Deep learning prediction of radiation-induced xerostomia with supervised contrastive pre-training and cluster-guided loss

Paper: https://doi.org/10.1117/12.3004498


Overall architecture of the supervised contrastive pre-training framework.

Highlights

  • Novel supervised contrastive pre-training strategy for radiation-induced xerostomia prediction.
  • Cluster-guided loss function to improve model performance on imbalanced medical datasets.
  • State-of-the-art performance in predicting radiation-induced xerostomia.
  • Improved generalization through contrastive learning on limited medical imaging data.

Abstract

Radiation-induced xerostomia is a common side effect of head and neck cancer radiotherapy that significantly impacts patients’ quality of life. Accurate prediction of xerostomia risk before treatment could enable personalized treatment planning. We propose a deep learning framework that combines supervised contrastive pre-training with cluster-guided loss to predict radiation-induced xerostomia. The supervised contrastive learning approach learns robust feature representations from limited medical imaging data, while the cluster-guided loss addresses class imbalance issues common in medical datasets. Our method achieves superior performance compared to existing approaches, demonstrating the effectiveness of combining contrastive learning with specialized loss functions for medical outcome prediction.

Method

Our method consists of two main components: supervised contrastive pre-training and cluster-guided loss.

The supervised contrastive pre-training phase learns discriminative feature representations by pulling together samples from the same class while pushing apart samples from different classes in the embedding space. This approach is particularly effective for medical imaging tasks where labeled data is limited.

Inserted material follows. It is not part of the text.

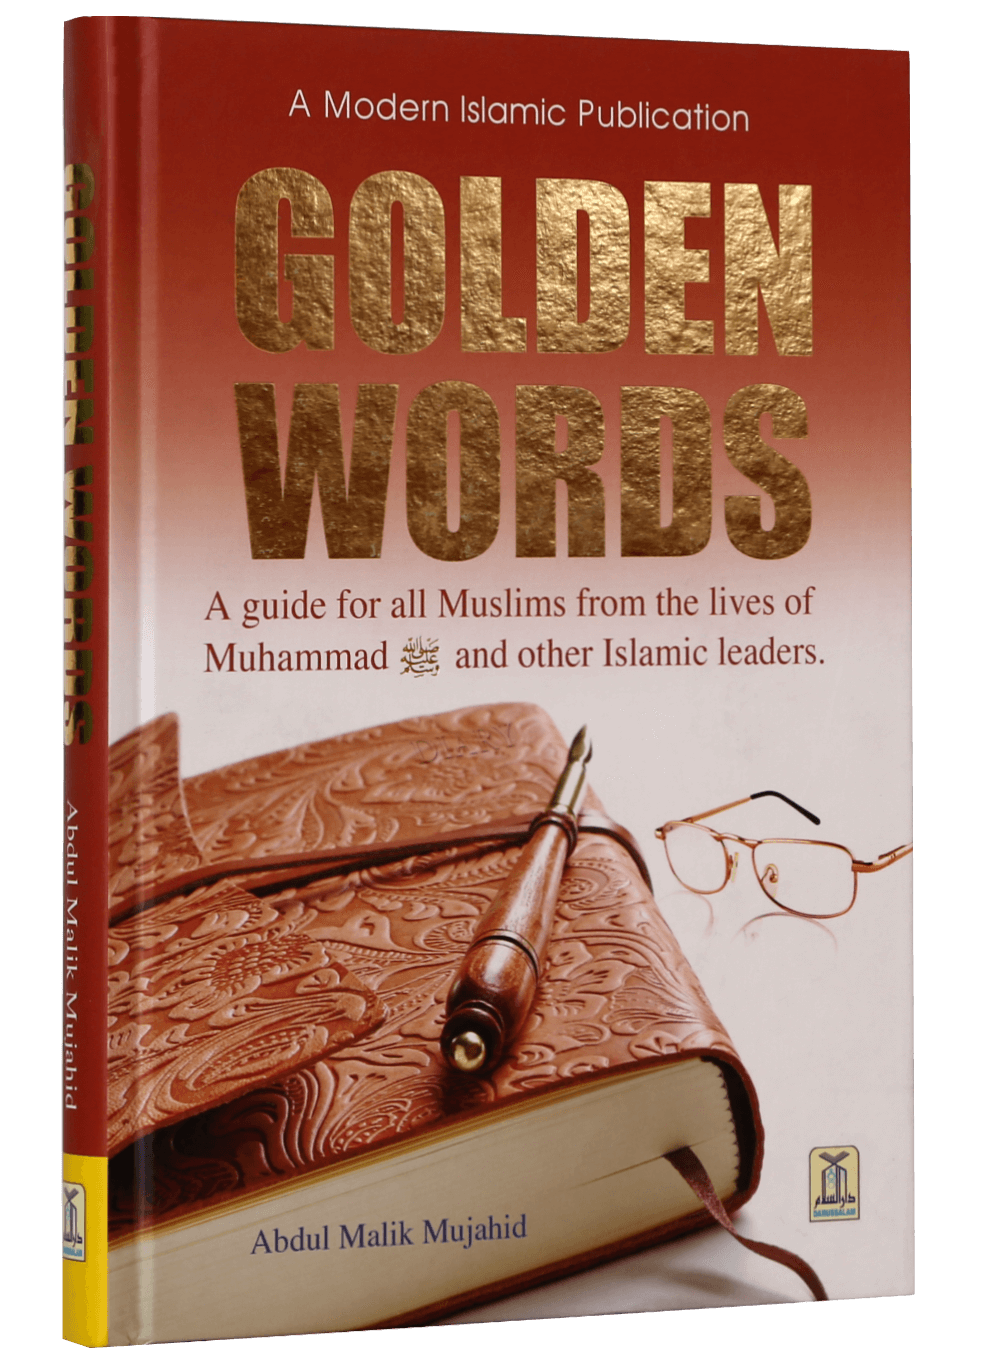 golden-words-darussalam-20180321-163618

The cluster-guided loss addresses the class imbalance problem by incorporating cluster information into the loss function. This ensures that the model learns to distinguish between different outcome groups even when some classes have significantly fewer samples.

Results

Our framework achieves state-of-the-art performance on xerostomia prediction tasks. The supervised contrastive pre-training significantly improves feature quality, while the cluster-guided loss effectively handles class imbalance. Ablation studies demonstrate the contribution of each component to the overall performance.

Conclusion

This article is only meant for a brief introduction.

We present a novel deep learning framework for predicting radiation-induced xerostomia that combines supervised contrastive pre-training with cluster-guided loss. The supervised contrastive learning approach enables effective learning from limited medical imaging data by learning robust feature representations. The cluster-guided loss addresses class imbalance issues common in medical outcome prediction tasks. Our experimental results demonstrate that this combination significantly improves prediction accuracy compared to existing methods, providing a promising tool for personalized radiation therapy planning.